China’s ‘Fashion Grandmas’: elderly social media influencers share inspiring messages about ageing
- The ‘Fashion Grandmas’ are a group of elderly influencers who are showing China that age is no barrier to elegance
- They do fashion live-streams, share positive messages about ageing, and speak out about domestic violence
Exquisitely dressed in a traditional cheongsam, or qipao, 76-year-old Sang Xiuzhu is one of an unlikely vanguard of elderly influencers storming Chinese social media with videos of glamour in the golden years.
Two years ago she joined the “Fashion Grandmas”, whose one-minute clips and live-streams of them turning Beijing’s streets into a catwalk are watched by millions of fans. They mix elegance with epithets of wisdom – on marriage, love and life – from a generation who are now increasingly integral to both the economy and online culture of China.
“Our young fans say they are not afraid of ageing after seeing grannies like us living fashionable and happy lives,” said Sang.

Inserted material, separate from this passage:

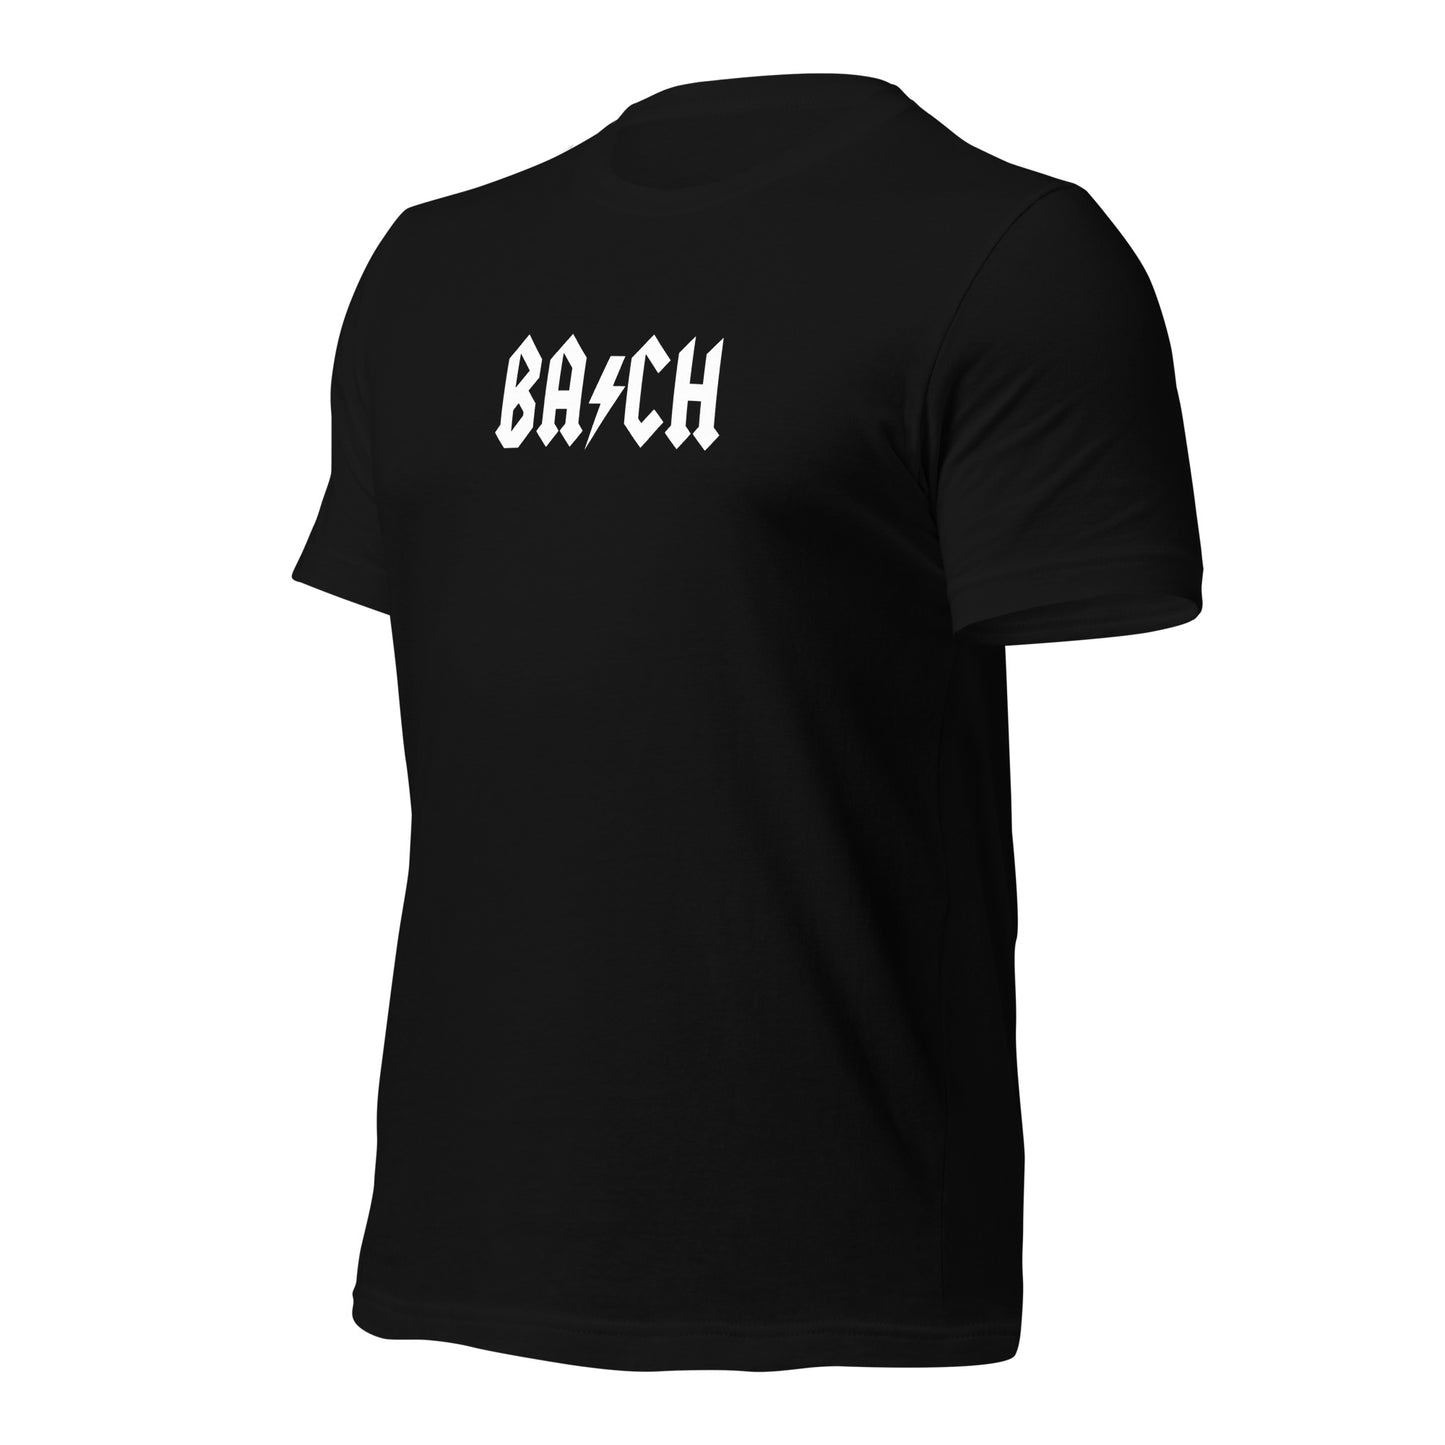 J. S. Bach - Band Tees Unisex t-shirt

It is an economy worth hundreds of billions of dollars, whose participants crave longevity, entertainment and consumer goods and are hooked, like everybody else, to their smartphones.
The “Fashion Grandmas” collective has 23 main members, and dozens more fringe contributors across the country, aged from their late 50s to mid-70s. They make money from pop-up ads in their videos and live-streaming product sales. “They can sell 200 units of a product within a minute of starting a stream,” says their agent, He Daling.
Showing joy to counter hate: a celebration of Chinatown seniors
Their videos also carry messages of inspiration, such as “beauty is not only for the young,” or “even the elderly can live a wonderful life!” as well as serious messages such as domestic violence.
One of their videos shows a man raising a hand to hit his girlfriend in a store, before a furious older woman grabs his arm and waves for him to be dragged away by security guards. “Domestic violence is illegal” reads the text on the screen, adding that it is shameful to hit women. Another shows a pregnant woman being threatened by her husband before an elegant granny has him pinned back in his chair by bodyguards and gives the woman a hug.
“The elderly should live how they want and be optimistic,” Sang said. “Age is just a number.”

A generation of Chinese born in the 1960s are reaching the mandatory retirement age of 60 for men and 55 for women. These new retirees are the first group to receive higher education after the Mao-era Cultural Revolution, which scorned the “bourgeois” pursuit of learning and left a generation without social mobility.
“They are richer and highly educated,” said Bian Changyong, chief executive of Beijing Dama Technology, which helps run the elderly influencers’ social media. “That improves the ‘cashability’ and quality of China’s elderly internet industry.”
The value of China’s “grey-haired” economy is estimated to reach 5.7 trillion yuan (nearly US$900 billion) this year, according to iiMedia Research.
Young people assume the elderly know nothing. Actually we know everything
Bian said the Covid-19 pandemic had also pushed the elderly online, hunting for shopping and entertainment.
To reach this vast, untapped pool of older consumers, Bian’s company also provides online courses for senior citizens to learn singing, dancing or kung fu through live-streaming channels.
“China’s mobile internet industry has earned money from every group … men, women, youngsters, parents, but not the elderly,” said Bian. “This could be the last structural opportunity of the industry.”

Granny Ruan Yaqing, 58, has her own video channel and uses an iPhone to reach over six million fans as she tours Beijing’s history and culture.
She fell into the world of video-streaming to avoid becoming a “nagging” presence stuck at home, she jokes. But she also carries a message on the virtues of age from a golden generation refusing to be pushed into the background of modern China.
“Young people assume the elderly know nothing,” she says. “Actually we know everything.”